The speed of external Fpolicy Servers is critical; for this reason it is recommended to run Fpolicy Servers on dedicated hardware rather than running them as Virtual Machines. If the performance of the external Fpolicy Server is degraded, it will take longer to respond to Storage Controller Fpolicy requests, resulting in pBlks being held for longer times. If the speed of the Fpolicy Server is so degraded and enough clients send requests in a short period of time, pBlk Exhaustion can occur.

  • The configuration of Fpolicy Servers

Fpolicy vendors control the tunable options for their application.

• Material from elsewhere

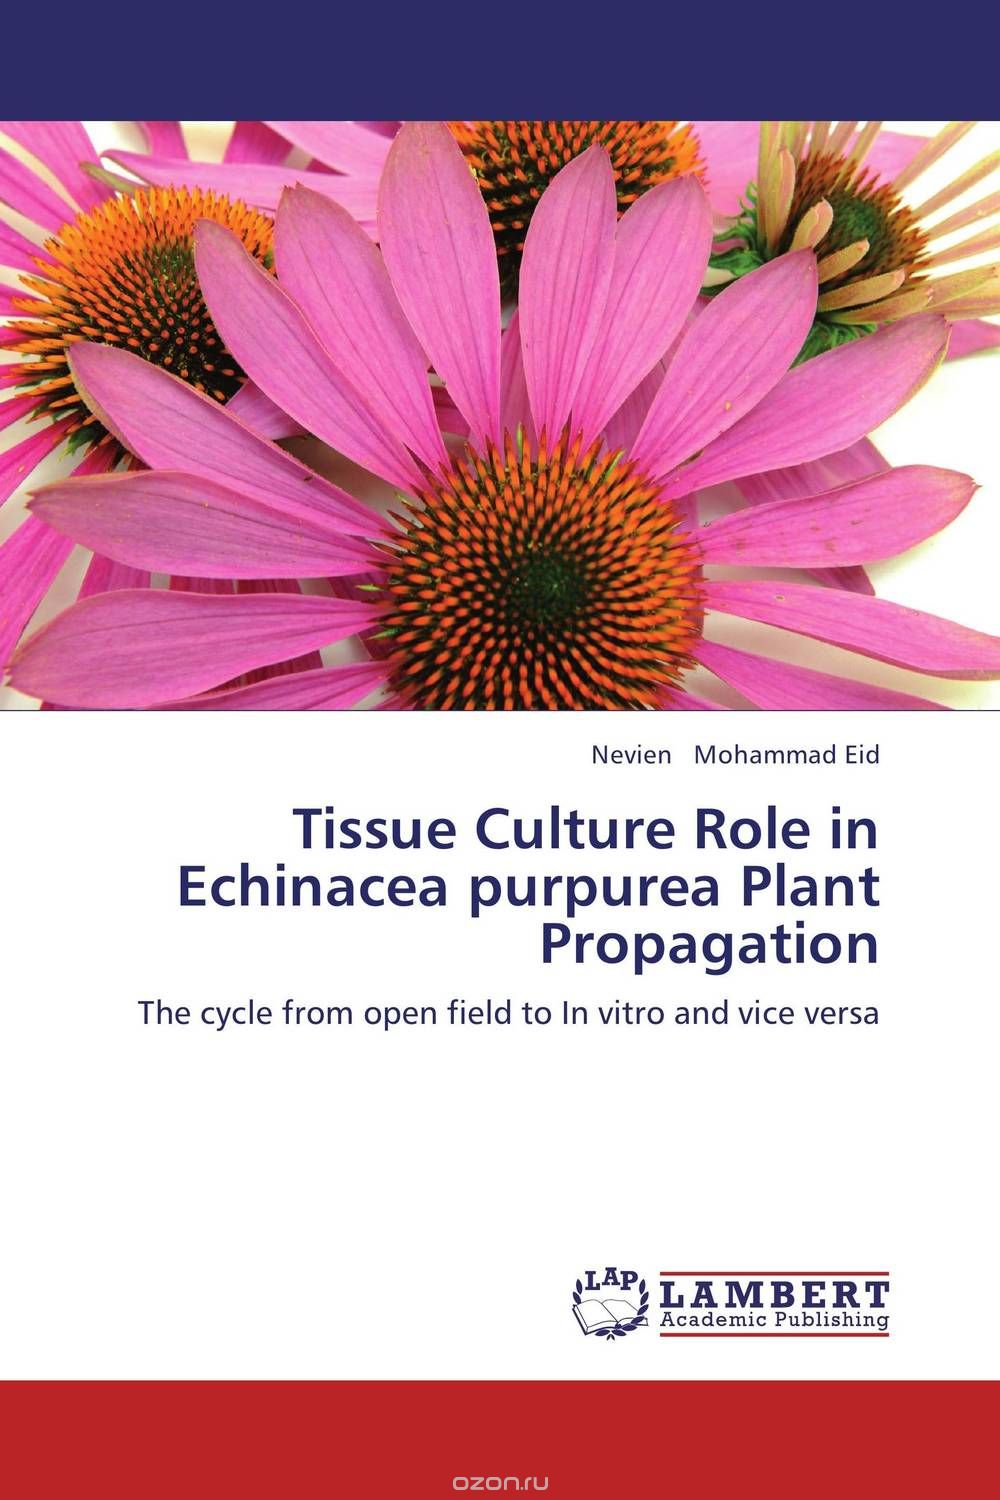 Tissue Culture Role in Echinacea purpurea Plant Propagation

The best place to start is the installation and configuration guides from the Fpolicy Server vendor to make sure that the best practices are being met for the respective product. Configurations not meeting vendor best practices will likely result in decreased performance, putting the Storage Controller at the risk of pBlk exhaustion.

  • A sign that your Fpolicy Server could be contributing to pBlk exhaustion is the following:

Wed Sep 22 11:03:59 IST [cifs.server.infoMsg:info]: CIFS: Warning for server \filer1: Connection terminated.
Wed Sep 22 11:04:35 IST [fpolicy.fscreen.enable:info]: FPOLICY: File policy HSM1 (file screening) is enabled.
Wed Sep 22 11:05:06 IST [fpolicy.fscreen.server.droppedConn:warning]: FPOLICY: File policy server for fscreen policy HSM1 has disconnected from the filer.
Wed Sep 22 11:06:10 IST [fpolicy.fscreen.server.pingRejected:error]: FPOLICY: Error trying to get status from file screening server \filer1 for policy HSM1 [0x6d].
Wed Sep 22 11:11:01 IST [ems.engine.inputSuppress:info]: Event 'cifs.stats.pBlkExhaust' suppressed 34 times since Tue Sep 21 17:48:01 IST 2010.
Wed Sep 22 11:11:01 IST [cifs.stats.pBlkExhaust:info]: CIFS: All CIFS control blocks for the STANDARD pool are in use. The request for a new control block can not be granted.